Anhedonia
Anhedonia (Grieks: an-, “zonder” en hēdonē, “plezier”) is, zoals de naam al doet vermoeden, een term die het onvermogen of het verminderde vermogen beschrijft om plezier te voelen in alle gebruikelijke en plezierige activiteiten, evenals het zich daaraan onttrekken (Kollias et al., 2008). Het werd bedacht door Ribot in 1896, toen hij het gebruikte om de volgende aandoening te beschrijven:
De toestand van anhedonie, als ik een nieuw woord mag gebruiken om te koppelen aan analgesie,” schrijft hij, “is zeer weinig bestudeerd, maar het bestaat. Een jong meisje werd getroffen door een leverziekte die haar gestel een tijdlang veranderde. Ze voelde geen genegenheid meer voor haar vader en moeder. Zij wilde met haar pop spelen, maar het was haar onmogelijk om er ook maar het minste plezier in te vinden. Dezelfde dingen die haar vroeger deden lachen, interesseerden haar nu helemaal niet meer. Esquirol observeerde het geval van een zeer intelligente magistraat die ook ten prooi was gevallen aan een leverziekte. Elke emotie leek dood in hem. Hij vertoonde geen perversie of geweld, maar een totale afwezigheid van emotionele reactie.

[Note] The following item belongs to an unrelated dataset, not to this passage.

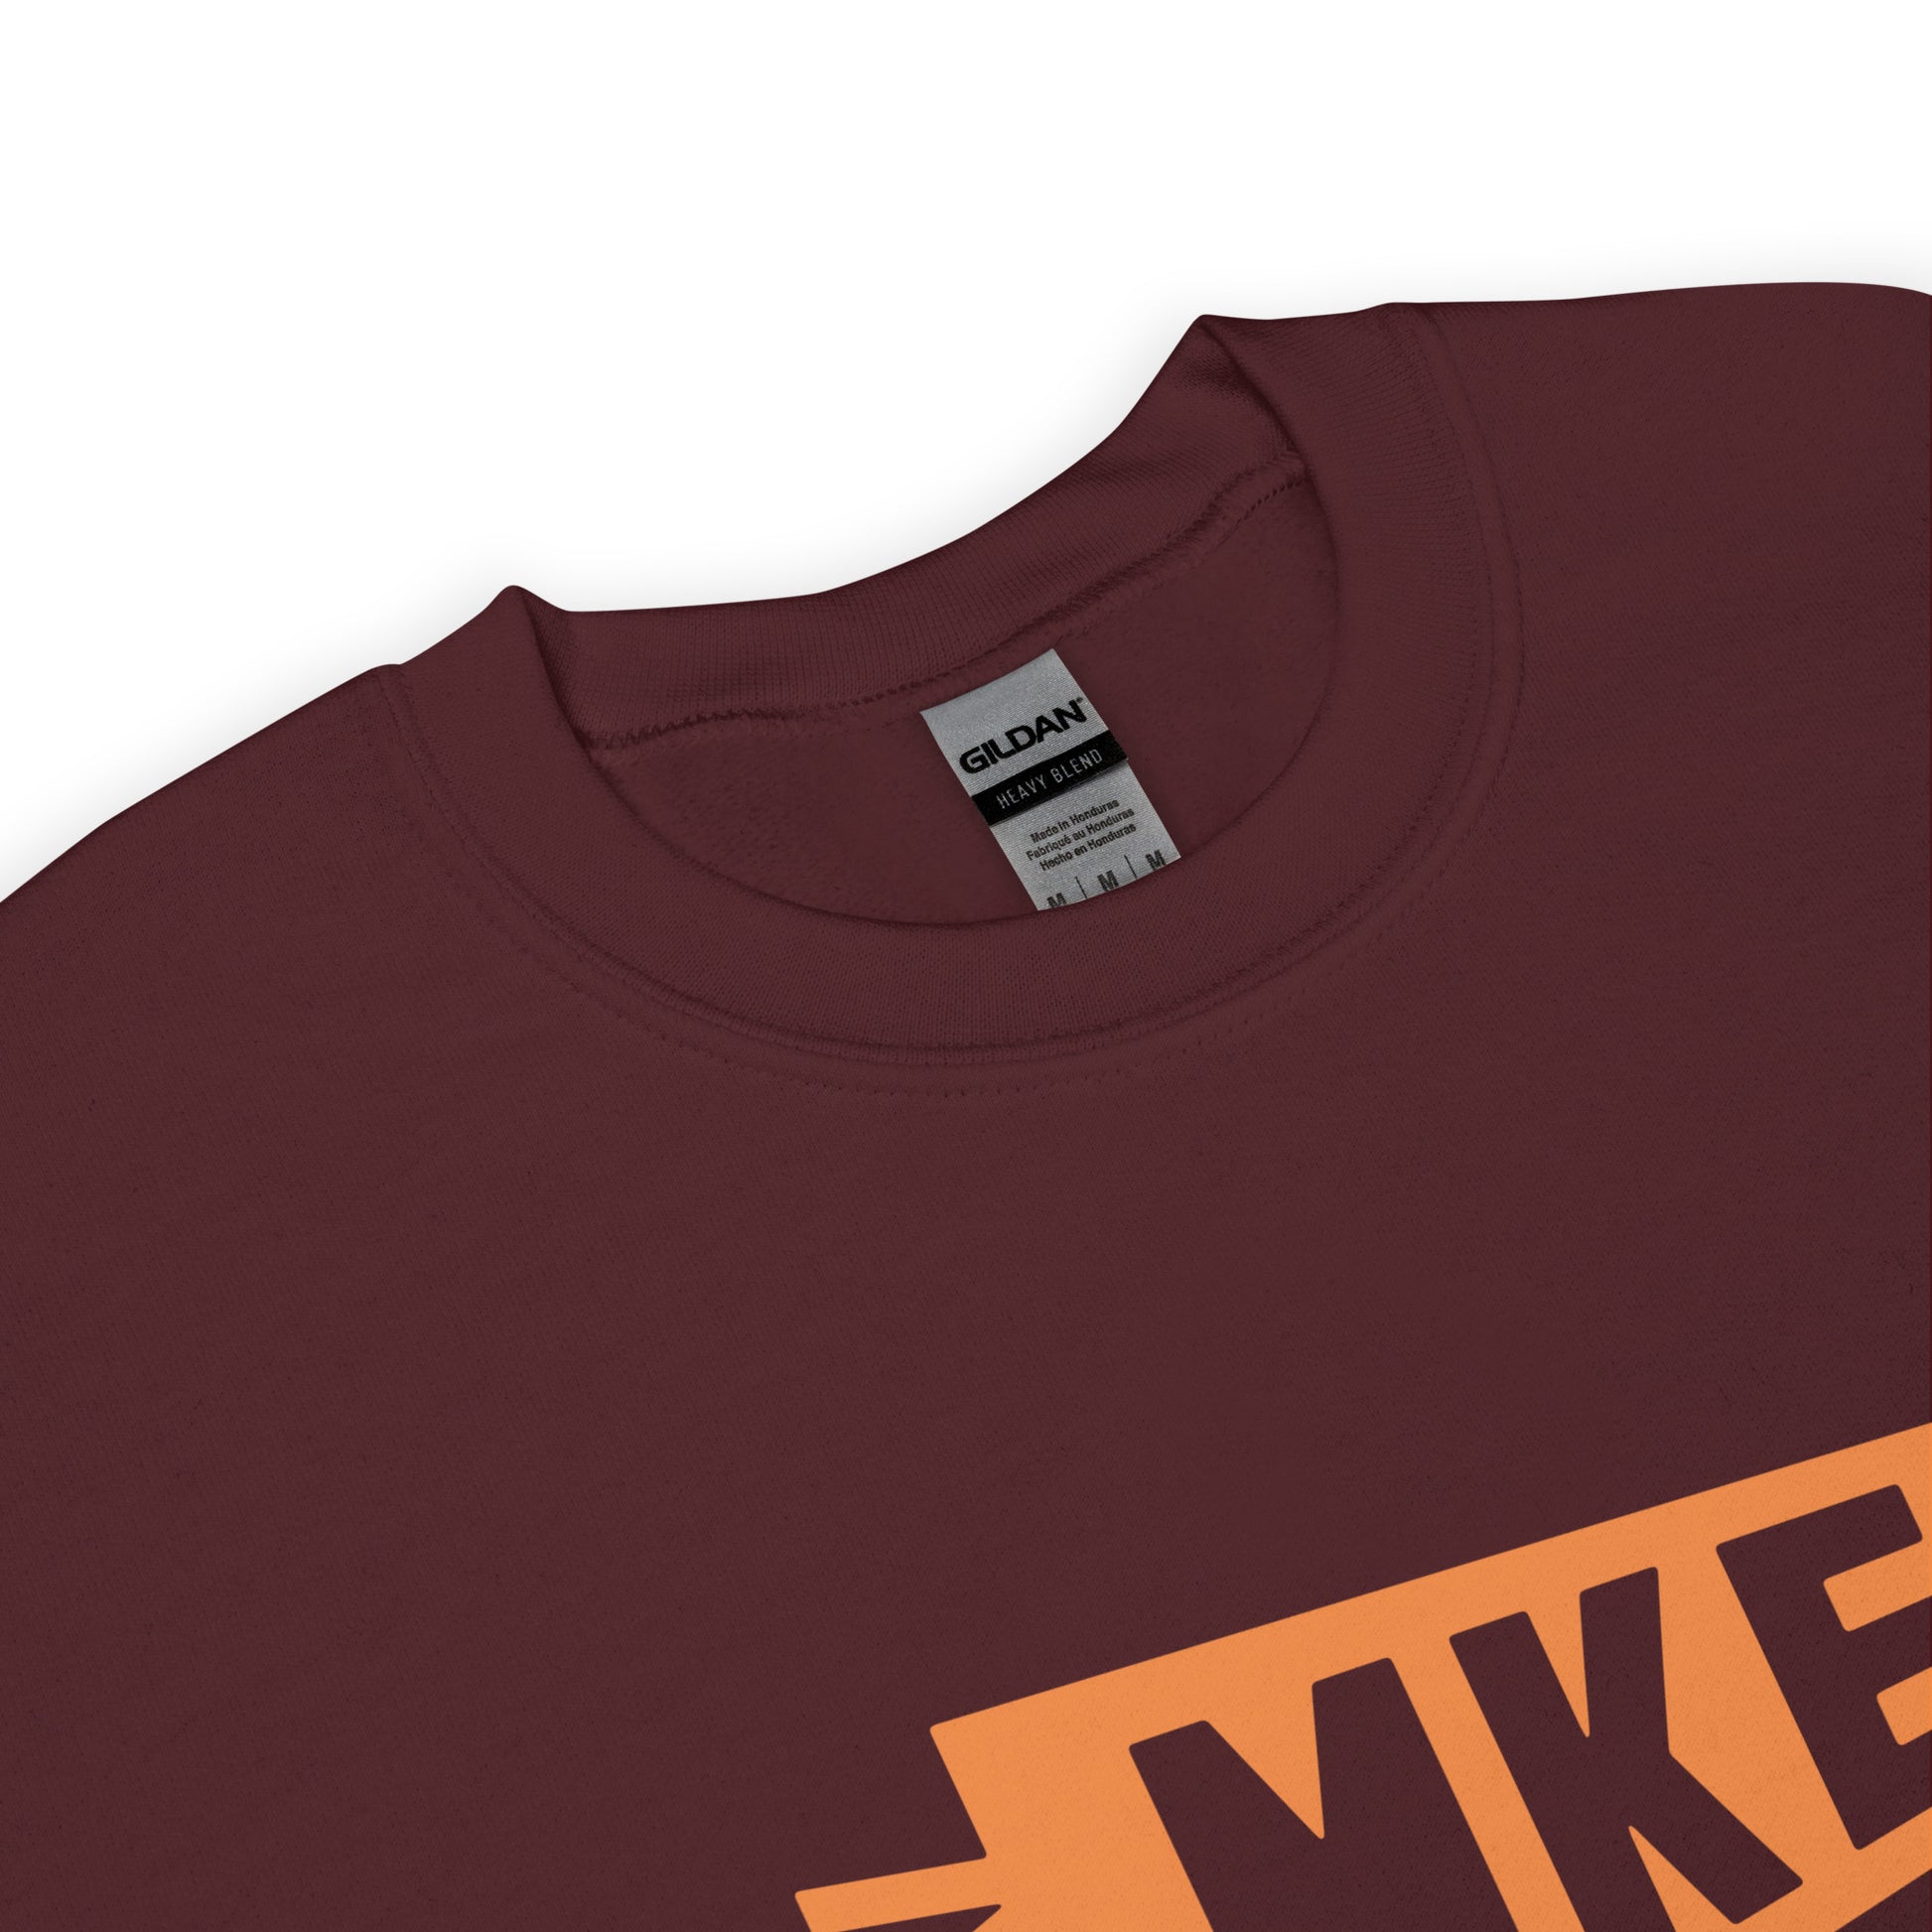 Airport Code Sweatshirt - Orange Graphic • MKE Milwaukee • YHM Designs - Image 04

Als hij naar het theater ging, wat hij uit gewoonte deed, kon hij daar geen plezier vinden. De gedachte aan zijn huis, aan zijn vrouw en aan zijn afwezige kinderen ontroerde hem even weinig, zei hij, als een stelling van Euclides.
James (1985)
Anhedonie is sindsdien door veel auteurs beschreven als een schizofreen symptoom, wat suggereert dat het een centraal defect in de ziekte zou kunnen zijn. Maar, zoals reeds vermeld, is anhedonie ook in verband gebracht met depressie. Bij mensen zijn verschillende schalen gebruikt om depressieve symptomatologie bij schizofrenie te evalueren, maar de meeste van deze schalen zijn oorspronkelijk niet voor dit doel ontwikkeld. De Calgary Depression Scale for Schizophrenia is speciaal ontworpen voor personen met schizofrenie en heeft uitstekende psychometrische eigenschappen, interne consistentie, interbeoordelaarsbetrouwbaarheid, sensitiviteit, specificiteit, en discriminante en convergente validiteit (Addington, Shah, Liu, & Addington, 2014). De scores verkregen door het gebruik van deze schaal correleren met zowel fysieke anhedonie als sociale anhedonie ratings, die meestal worden beoordeeld met de schalen ontworpen om specifieke domeinen van anhedonie te beoordelen: de Fysieke Anhedonie Schaal en de Sociale Anhedonie Schaal (Kollias et al., 2008). Om voor de hand liggende redenen is het echter niet mogelijk om deze testen op dieren toe te passen, zodat verschillende gedragstesten zijn ontwikkeld om anhedonie bij knaagdieren te beoordelen.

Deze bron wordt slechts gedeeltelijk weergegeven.